§ **TASK BRIEF**
All of the listing should be output exactly, apart from the pictures.

§ **DATA EXCERPT**
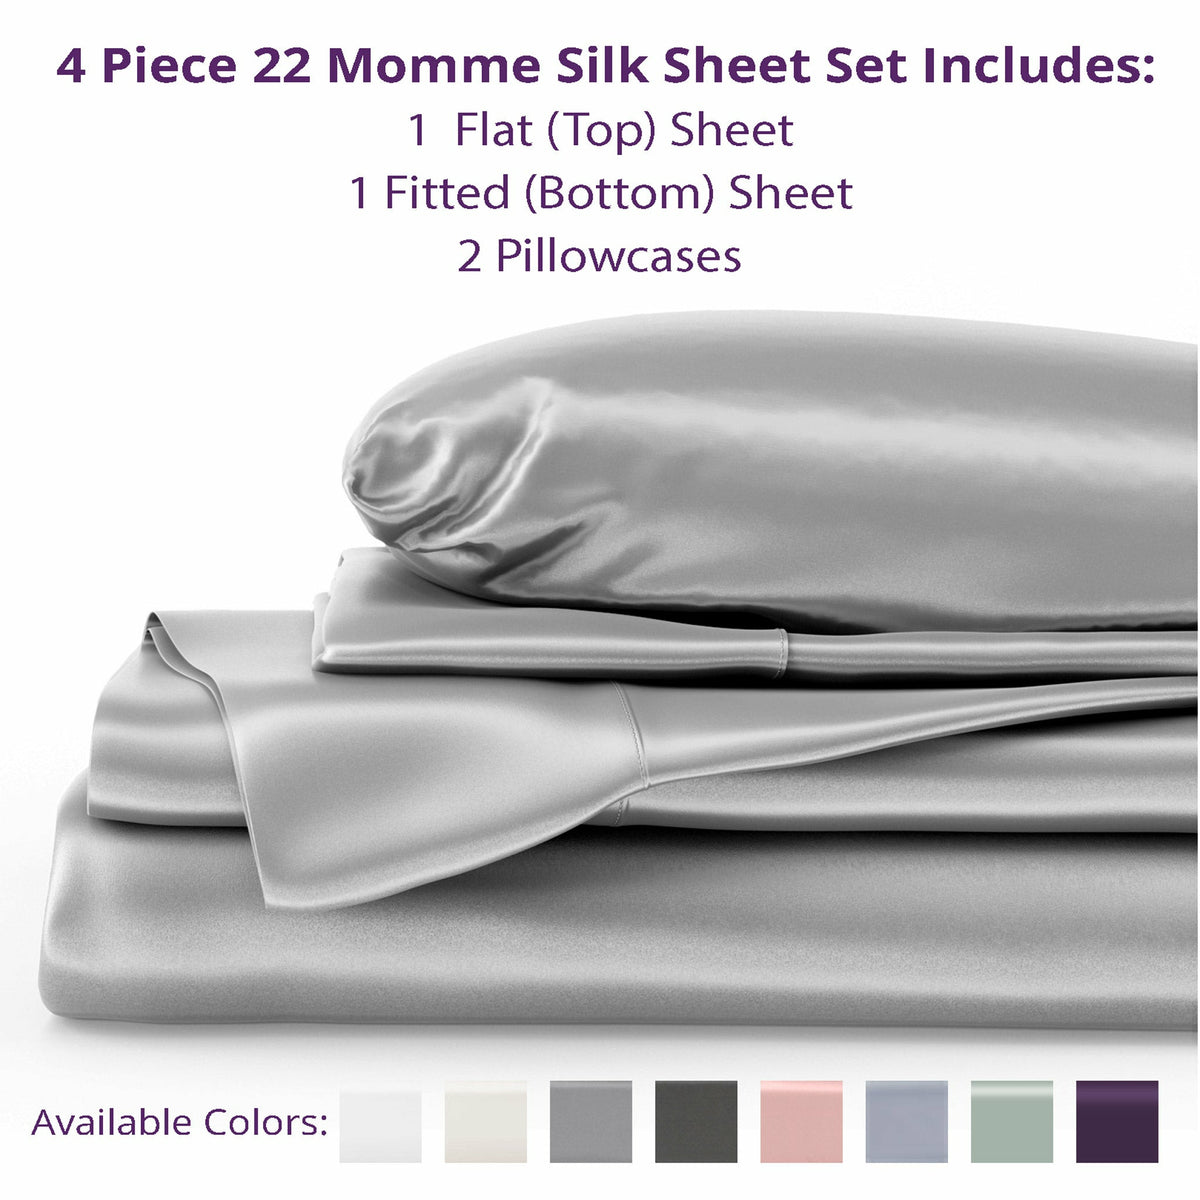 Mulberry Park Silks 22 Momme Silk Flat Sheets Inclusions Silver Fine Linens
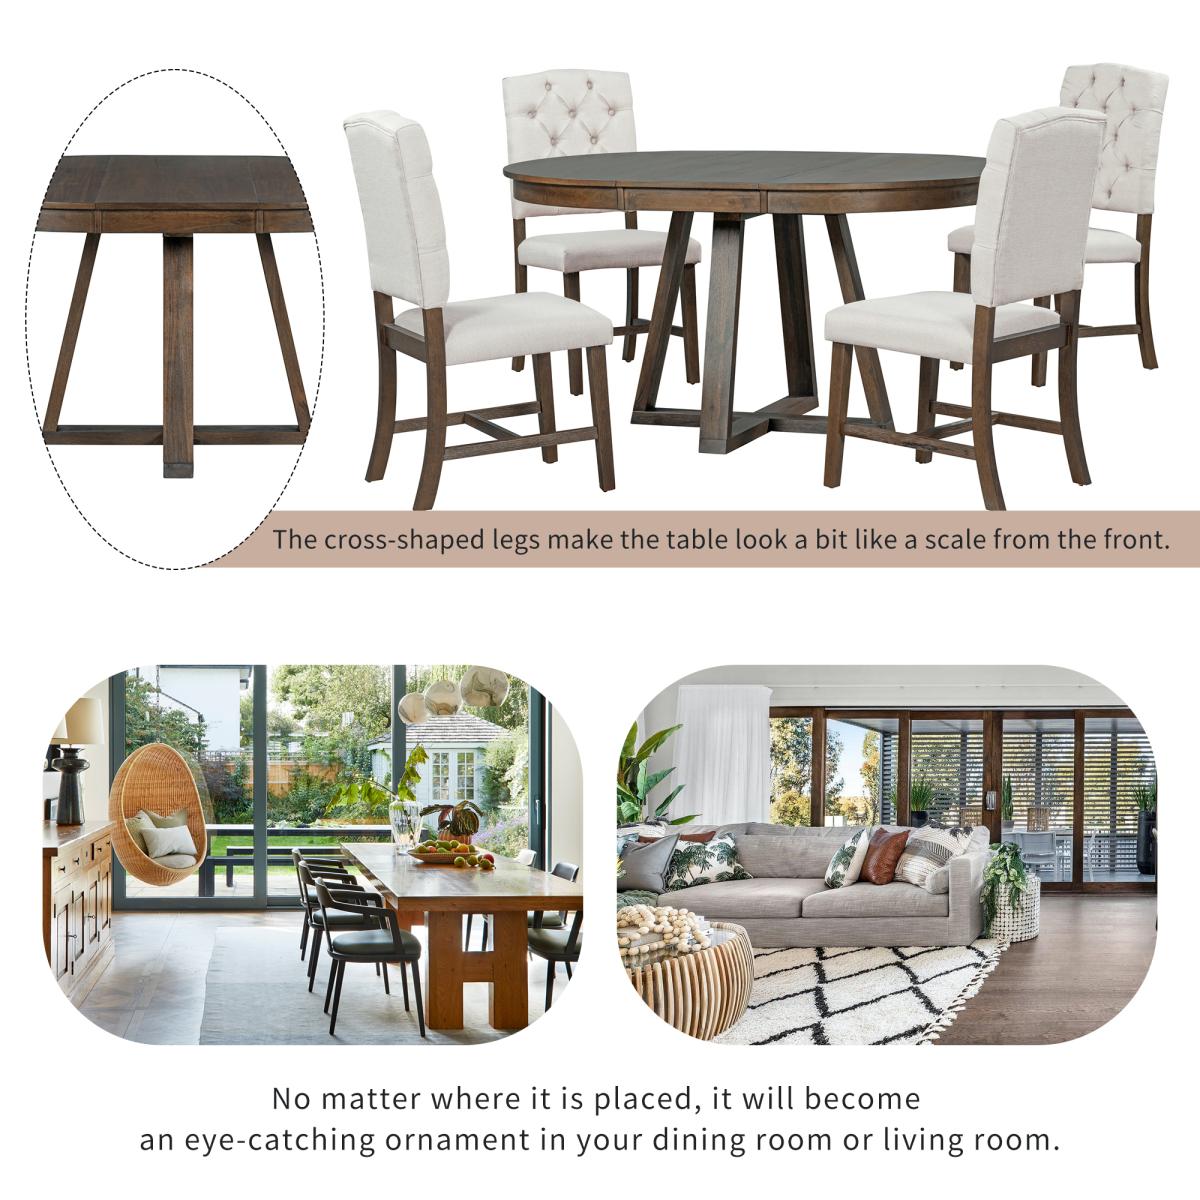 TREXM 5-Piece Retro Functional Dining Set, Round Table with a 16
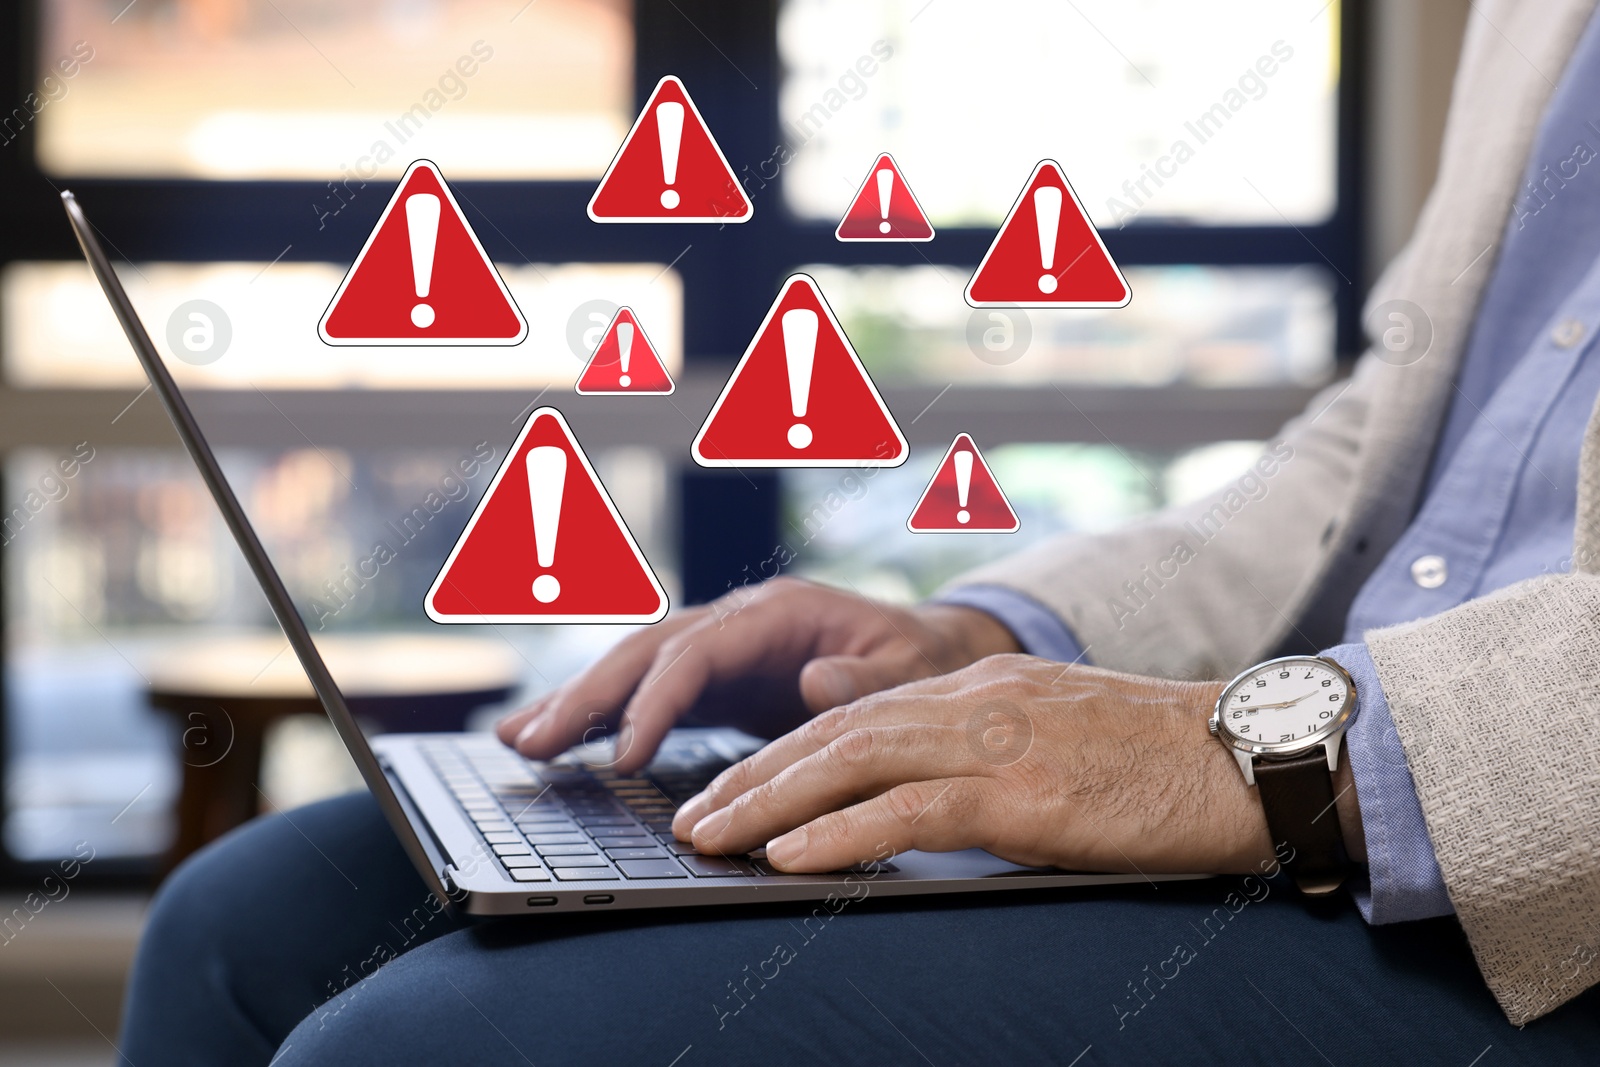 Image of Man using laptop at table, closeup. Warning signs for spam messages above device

§ **SOLUTION**
 Mulberry Park Silks 22 Momme Silk Flat Sheets Inclusions Silver Fine Linens
 TREXM 5-Piece Retro Functional Dining Set, Round Table with a 16
 Image of Man using laptop at table, closeup. Warning signs for spam messages above device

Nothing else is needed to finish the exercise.